> **EXERCISE INPUT**:
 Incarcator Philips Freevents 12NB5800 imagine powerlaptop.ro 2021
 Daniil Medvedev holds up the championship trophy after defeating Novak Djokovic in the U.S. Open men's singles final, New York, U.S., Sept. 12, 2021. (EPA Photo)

...

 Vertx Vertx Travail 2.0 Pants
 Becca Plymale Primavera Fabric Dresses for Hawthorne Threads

--

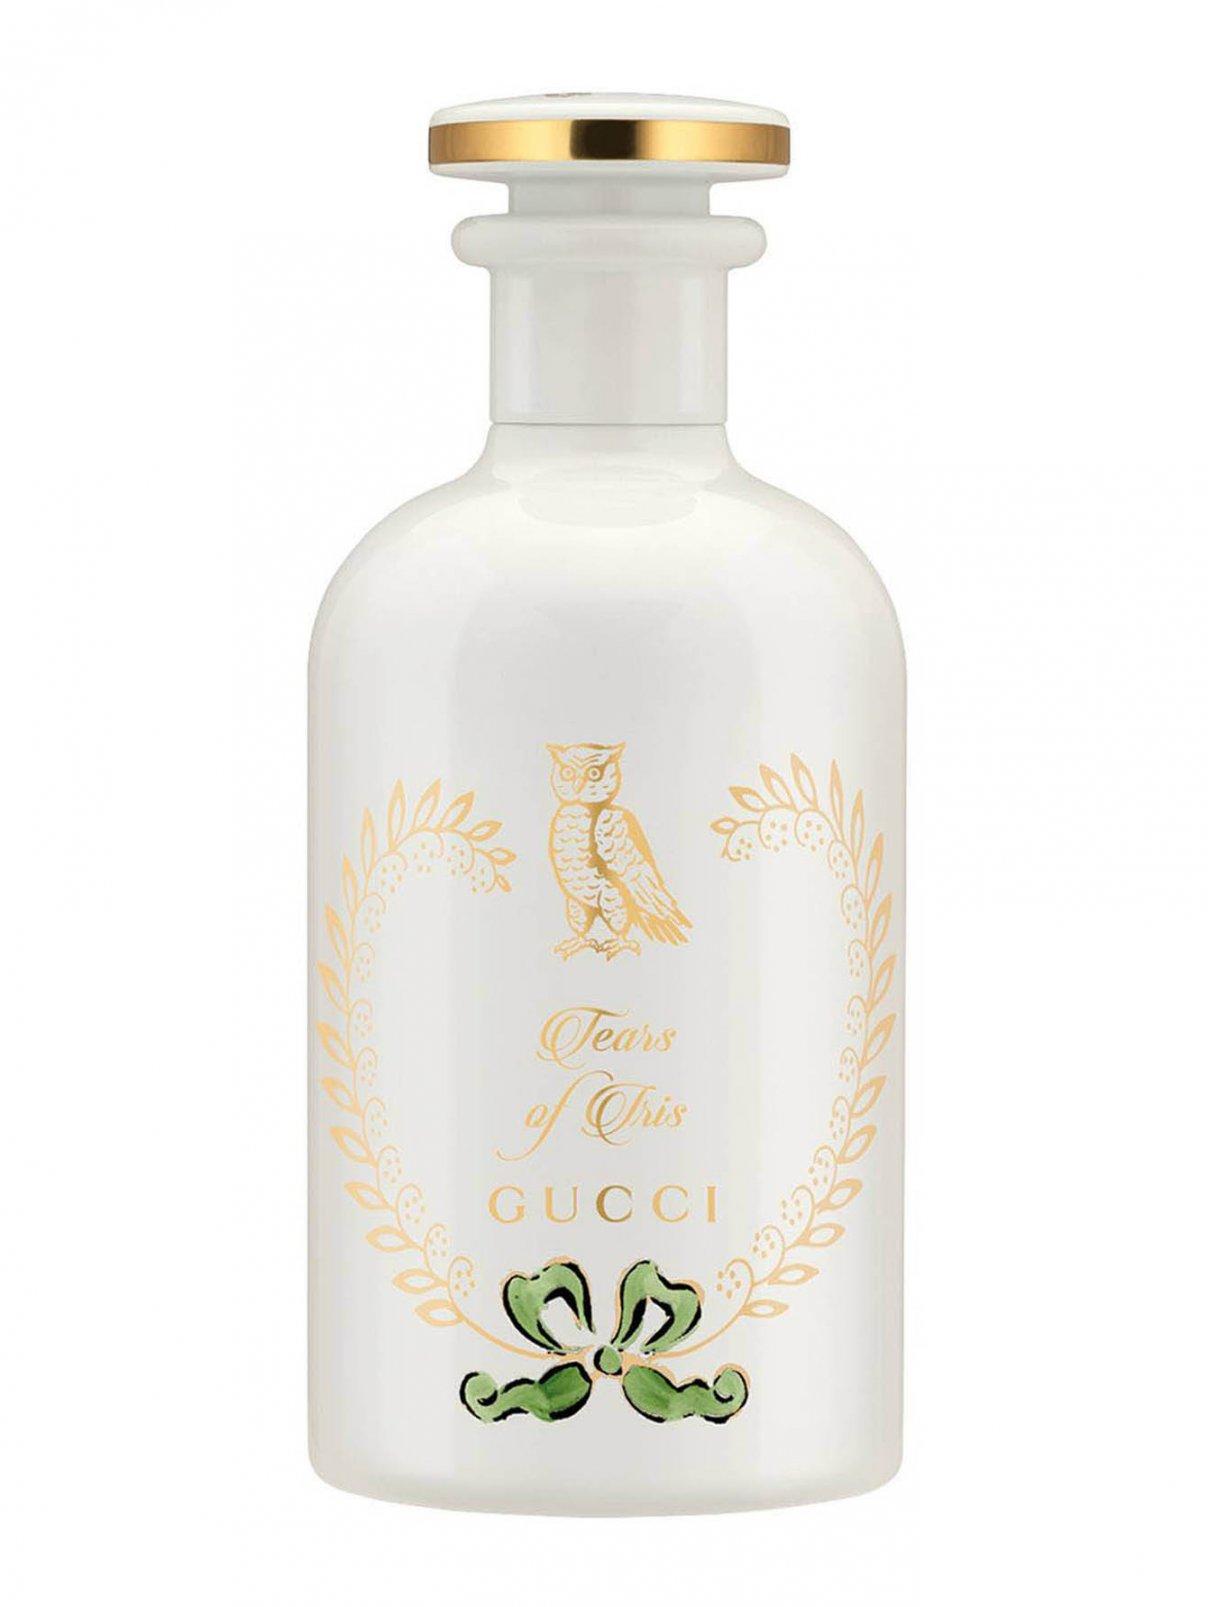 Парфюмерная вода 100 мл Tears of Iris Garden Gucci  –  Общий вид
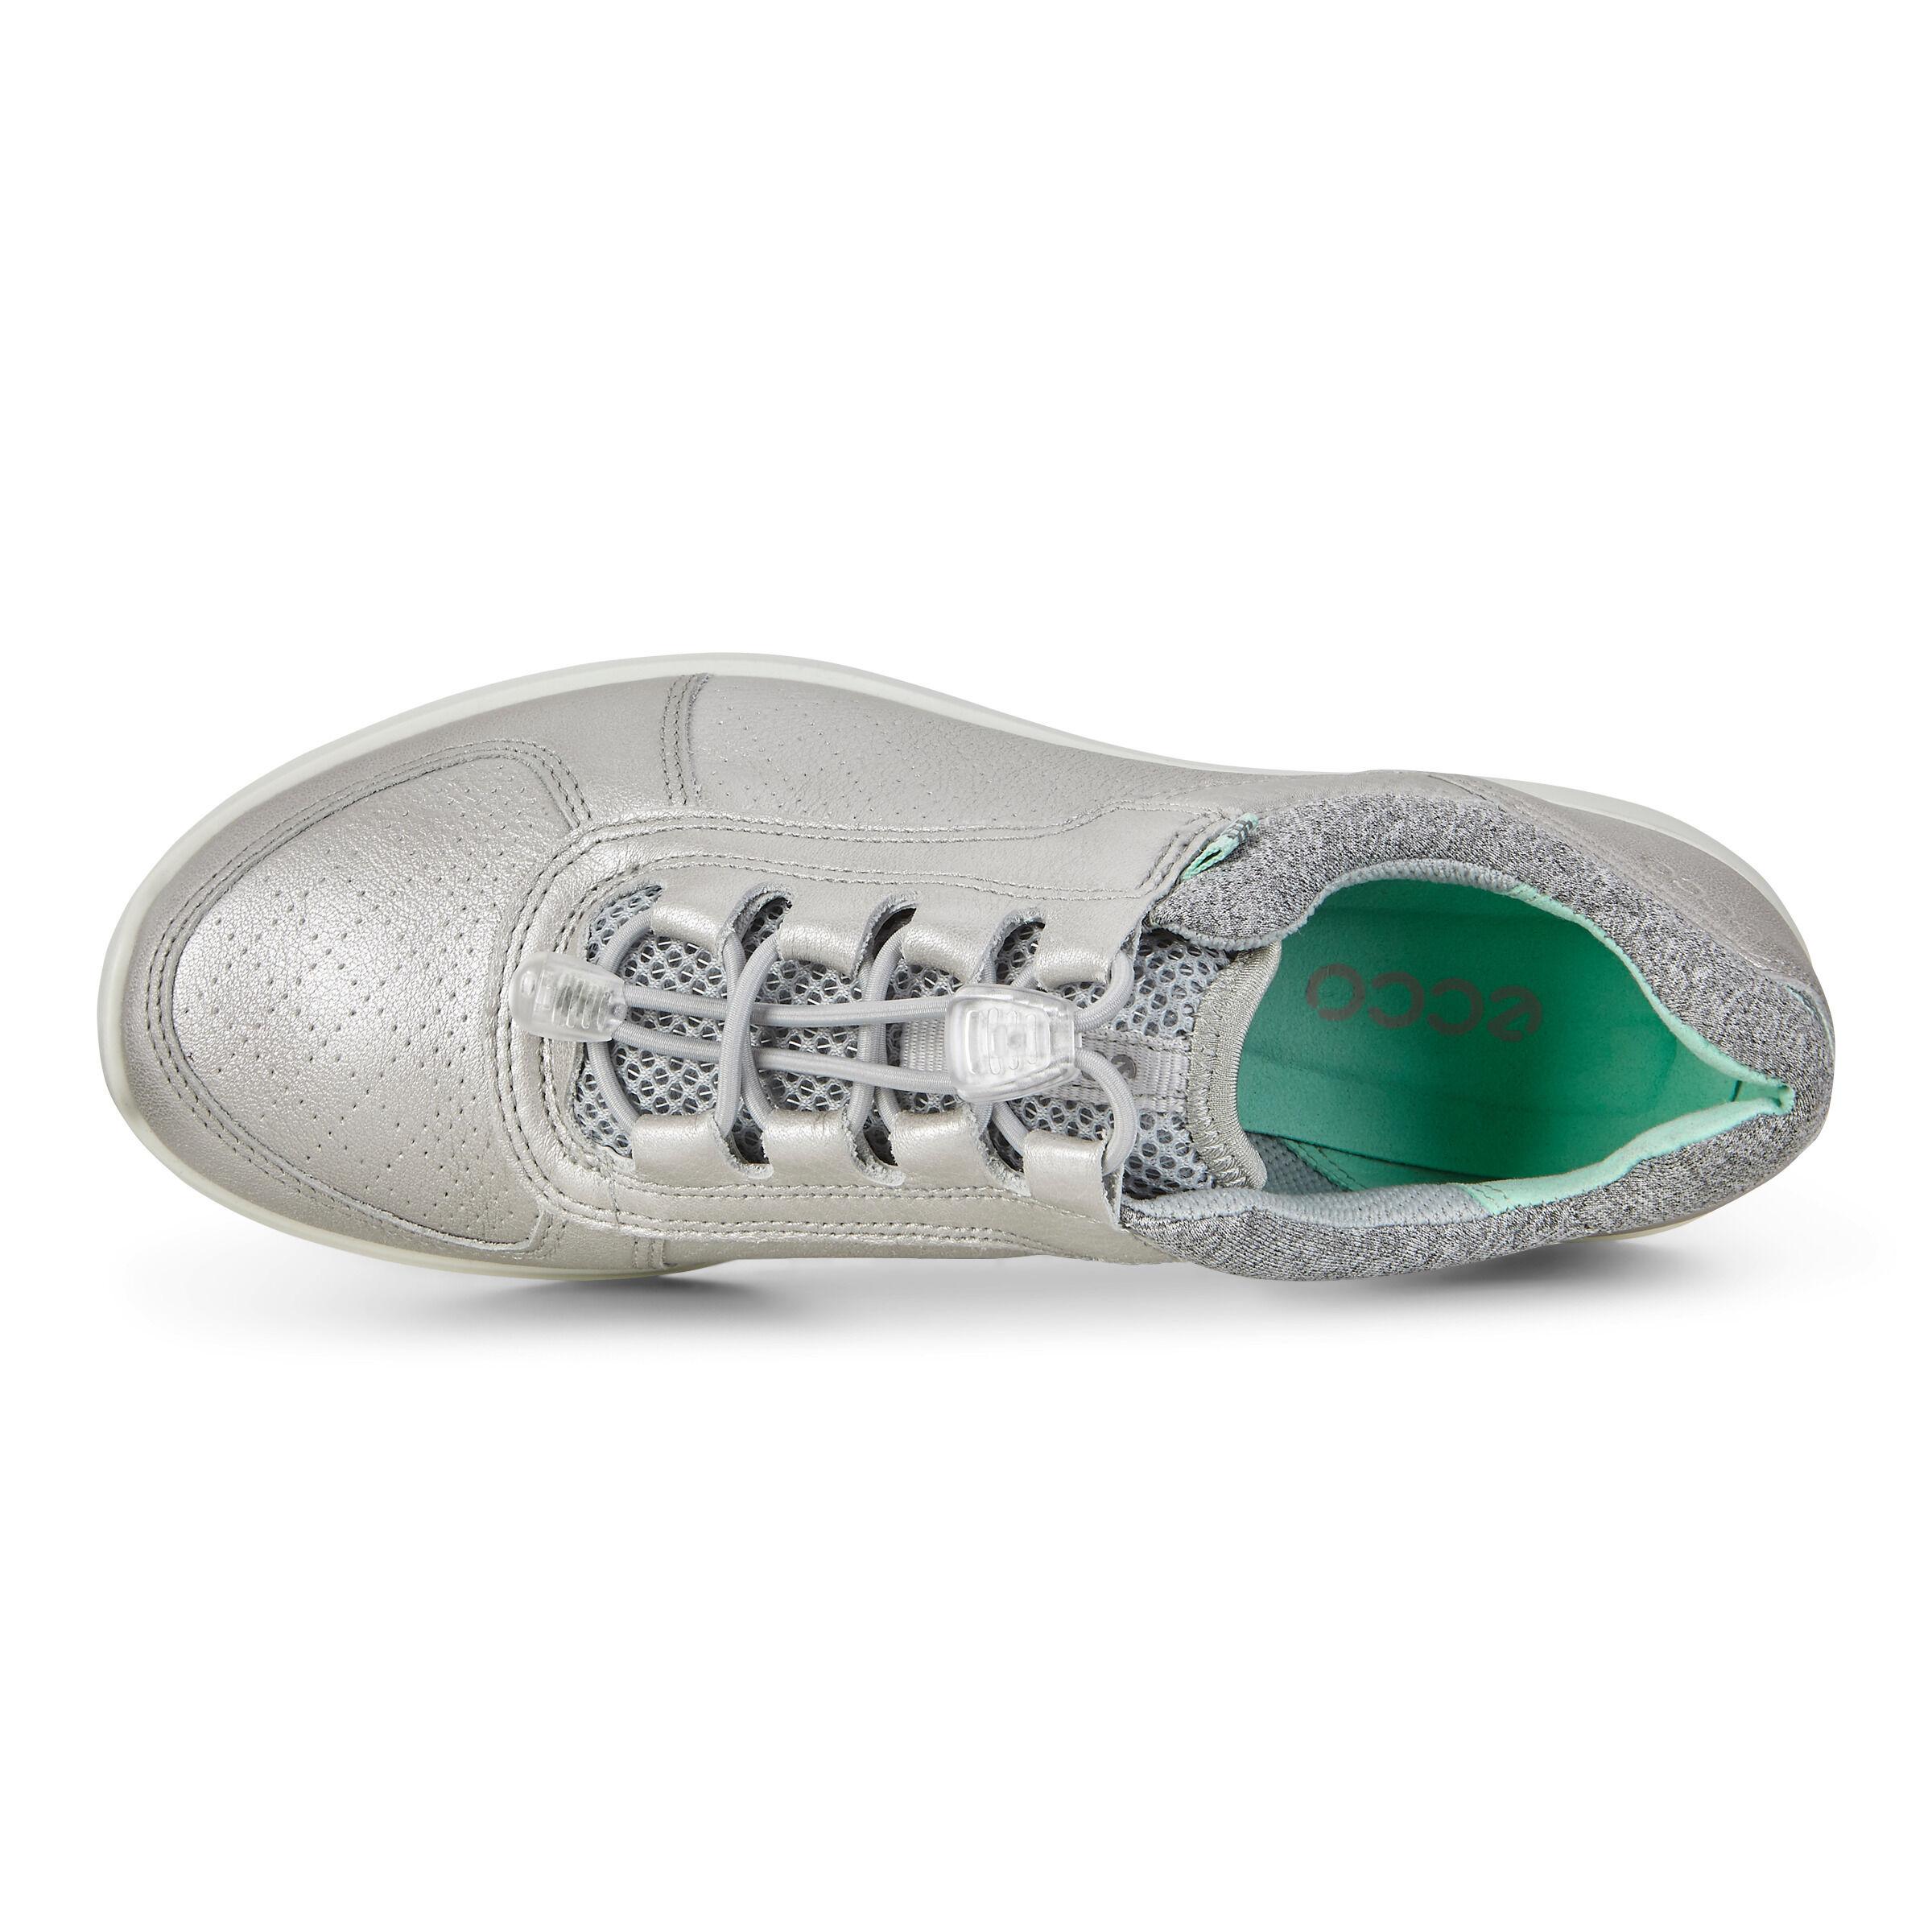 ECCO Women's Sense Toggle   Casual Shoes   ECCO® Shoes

> **WHAT IS REQUIRED**:
Word for word, restate the lines of the data above that fall between the line holding "Incarcator Philips Freevents" and the line holding "Daniil Medvedev holds", inclusive, and no other lines.

> **RESULT OF THE TASK**:
 Incarcator Philips Freevents 12NB5800 imagine powerlaptop.ro 2021
 Daniil Medvedev holds up the championship trophy after defeating Novak Djokovic in the U.S. Open men's singles final, New York, U.S., Sept. 12, 2021. (EPA Photo)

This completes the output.